1) I doubt 50% was a scientific measurement, but a ball-park figure. 4 SPU's is hald the cores in Cell, hence 'half the power'.
2) How do you come to 70% figure after graphics, and OS work would take up 20%? The article sayeth 50% after graphics is left for non graphics stuff, and you seem to think that 70% of processing power after graphics should be available for non-graphics stuff. I can't see how you get to that figure.
There's no structured division of resources. One game might use 20% for graphics and 80% physics + stuff. Another might throw most of the processor into graphics, with less complex AI and physics (eg. flight sim) in which case 80% might be used on graphics and 20% non-graphics.

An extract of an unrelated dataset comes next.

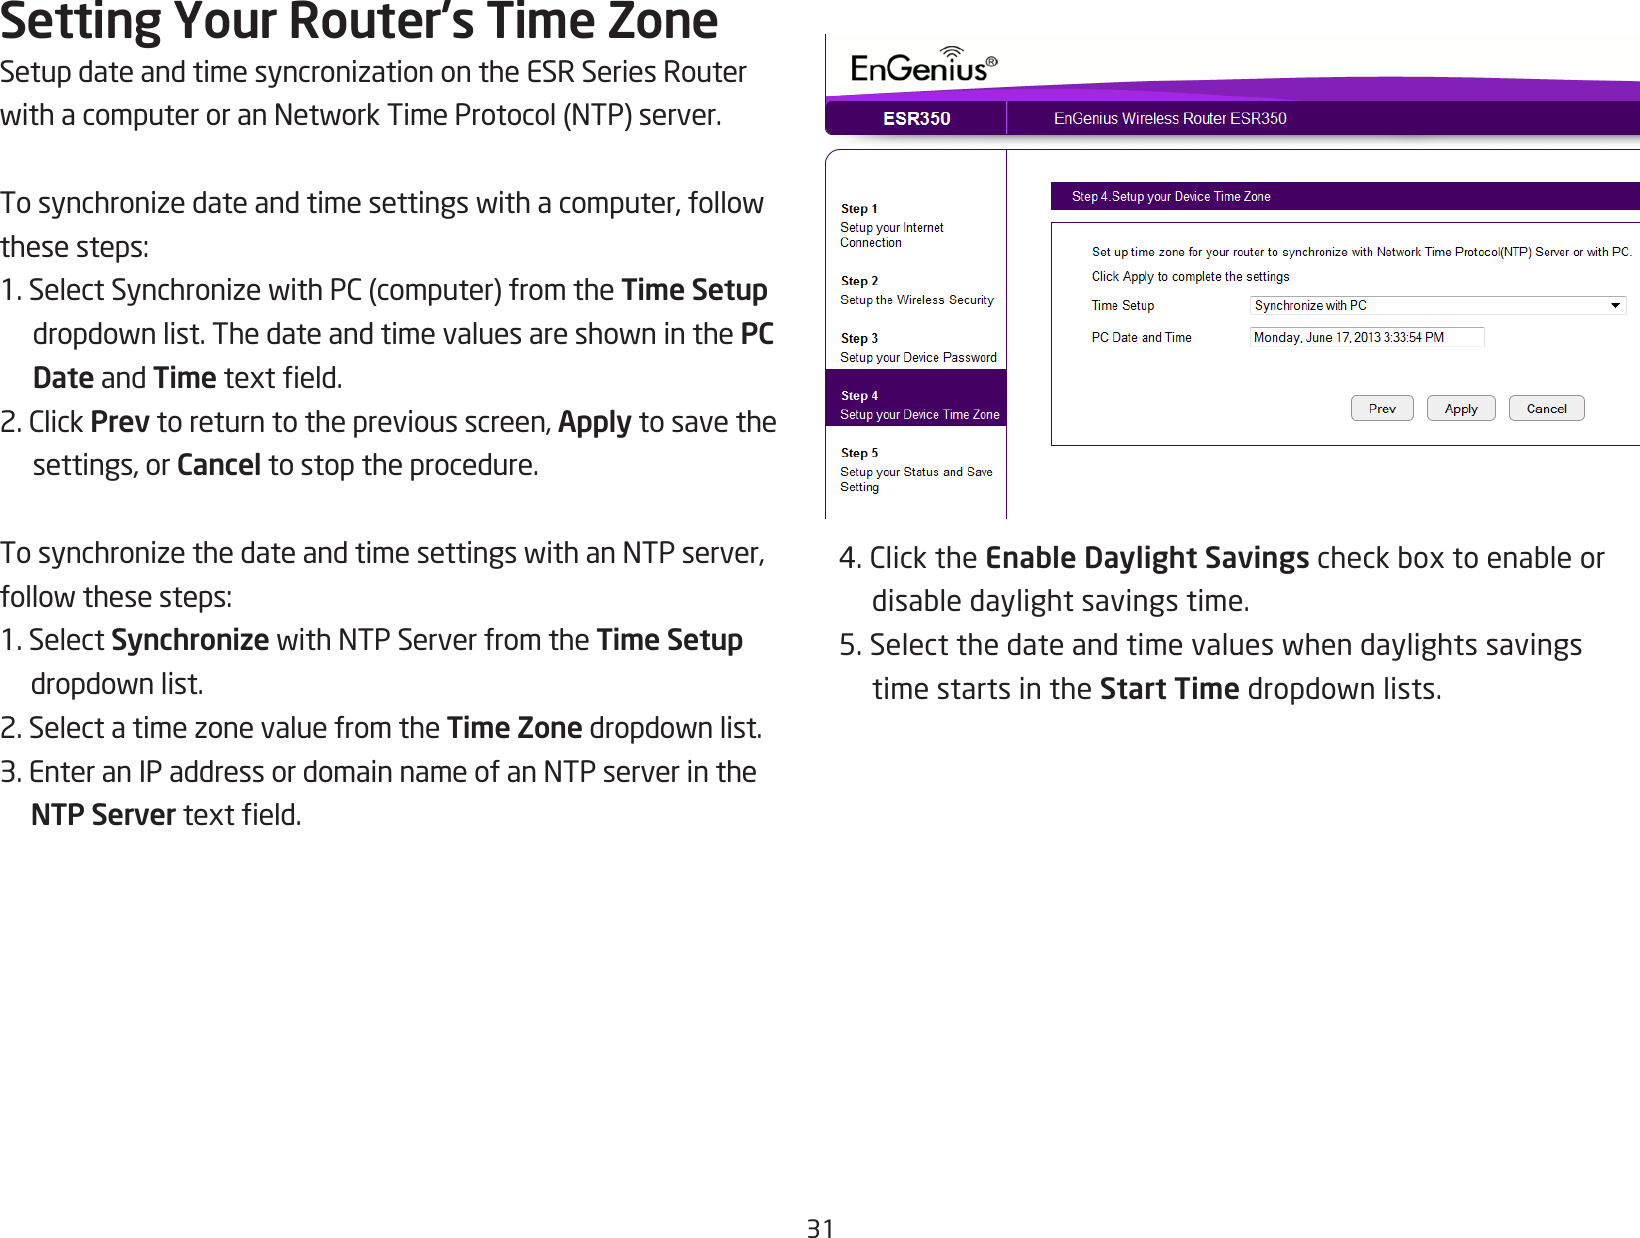 31Setting Your Router’s Time ZoneSetupdateandtimesyncronizationontheESRSeriesRouterwithacomputeroranNetworkTimeProtocol(NTP)server.Tosynchronizedateandtimesettingswithacomputer,followthese steps:1.SelectSynchronizewithPC(computer)fromtheTime Setup dropdownlist.ThedateandtimevaluesareshowninthePC Date and Timetexteld.2.ClickPrev to return to the previous screen, Apply to save the settings, or Cancel to stop the procedure.TosynchronizethedateandtimesettingswithanNTPserver,followthesesteps:1. Select SynchronizewithNTPServerfromtheTime Setup dropdownlist.2.SelectatimezonevaluefromtheTime Zonedropdownlist.3.EnteranIPaddressordomainnameofanNTPserverintheNTP Servertexteld.4.ClicktheEnable Daylight Savingscheckboxtoenableordisabledaylightsavingstime.5.Selectthedateandtimevalueswhendaylightssavingstime starts in the Start Timedropdownlists.
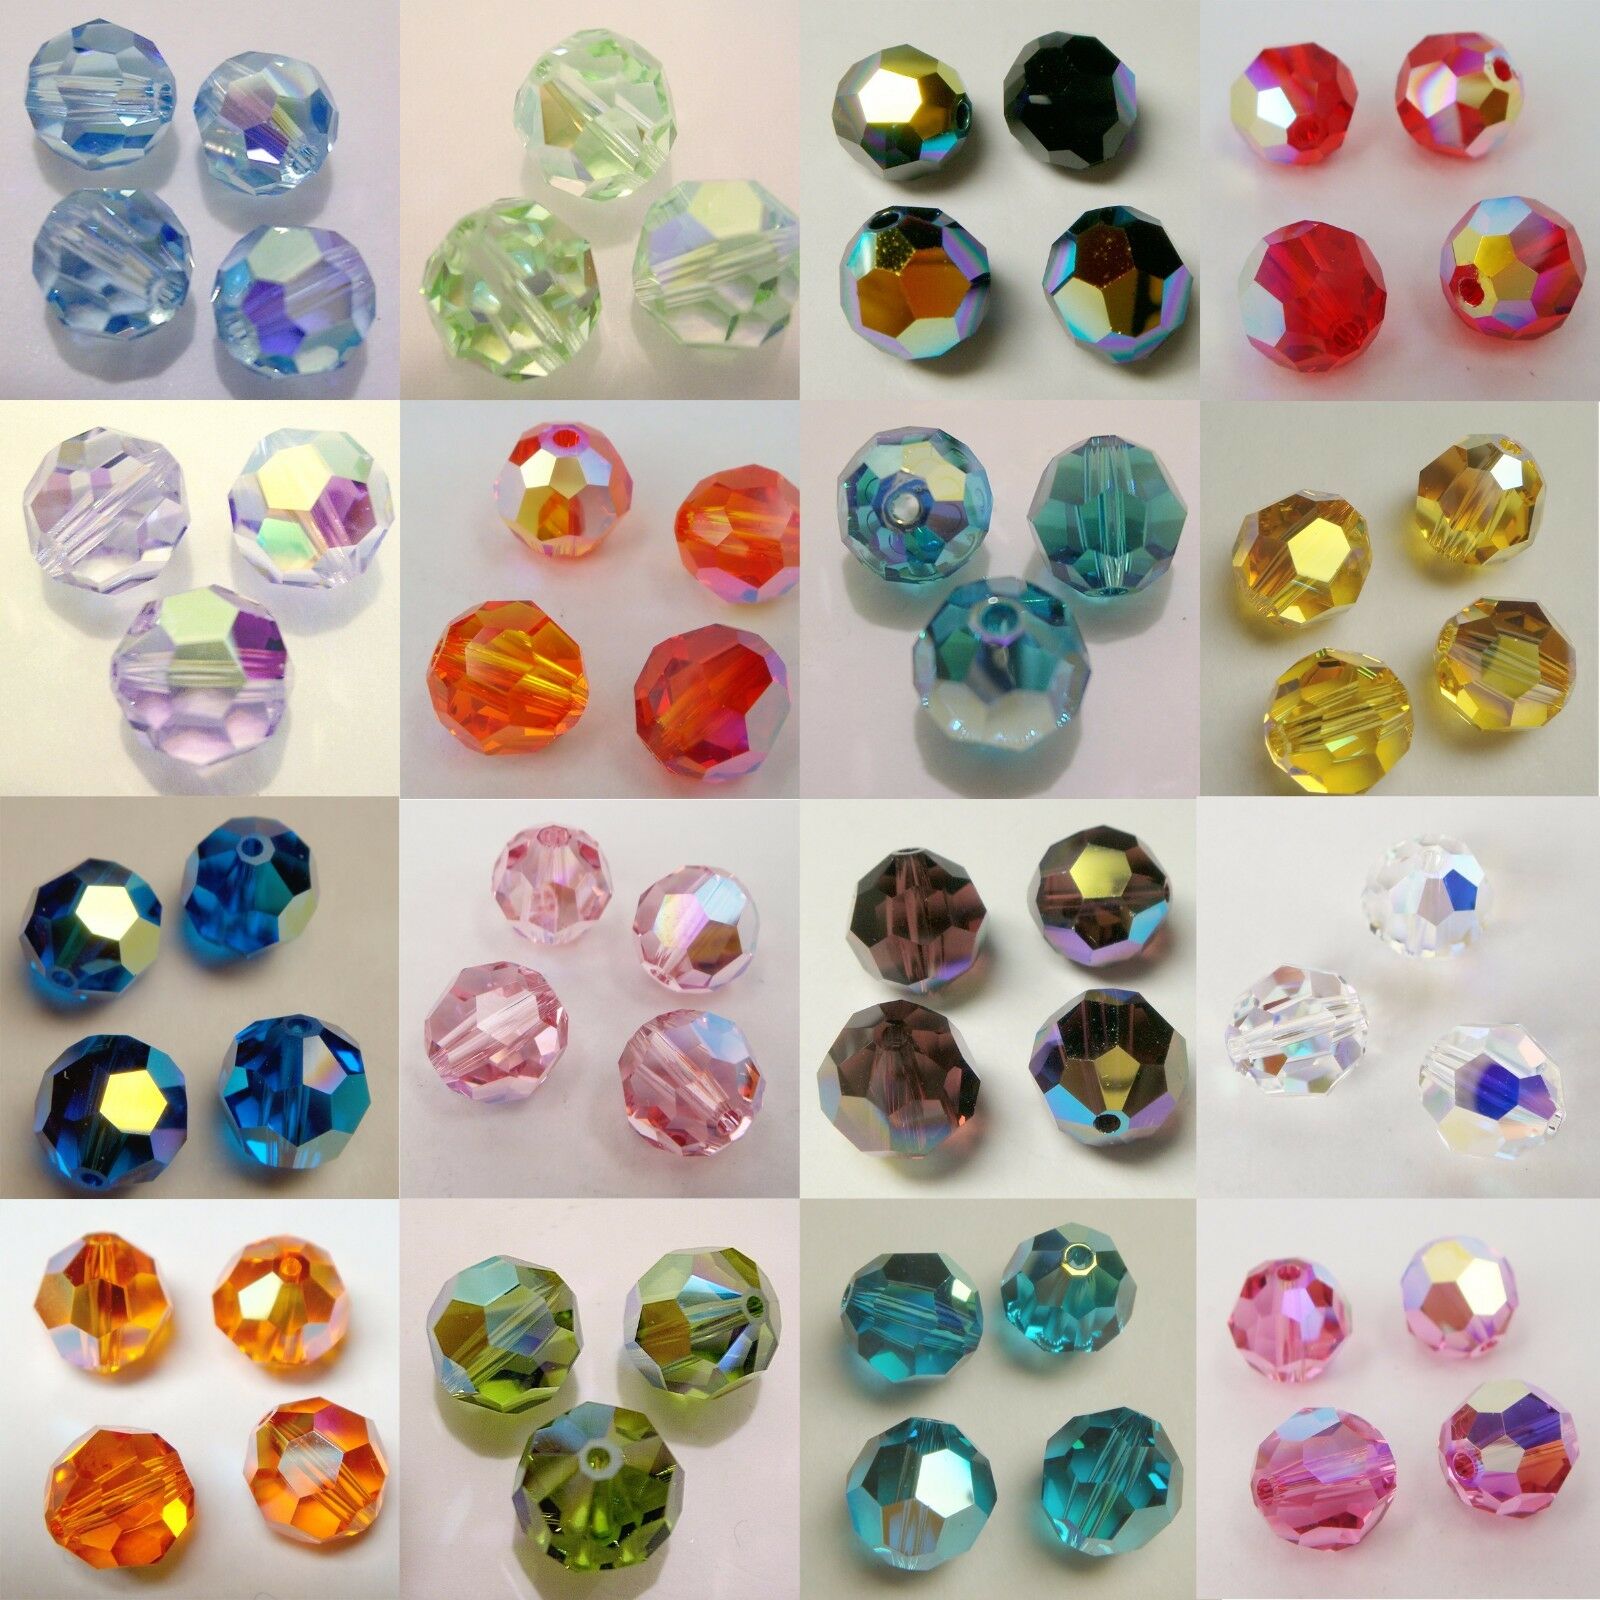 Swarovski Crystal Element 5000 10mm Faceted Round Bead   Ab Variable Color  #1

This EA statement is only giving an example of one game. In this case they have produced their graphics and can't do any more graphics work because the GPU has reached it's fillrate limit. 4 cores are still unused at this point so they can be used for other stuff. That's it. There's no system-wide performance considerations that can be rationally gleaned from this. We've no idea how efficiently they're using fill-rate or how they're using the Cell for graphics. Could well be another game uses 80% Cell for graphics without ever hitting the fillrate limit. And there's no reason to think if OS work were running in the background it'd consume 20% of resources. And there's no evidence what sort of OS/non-gaming functionality might be running either.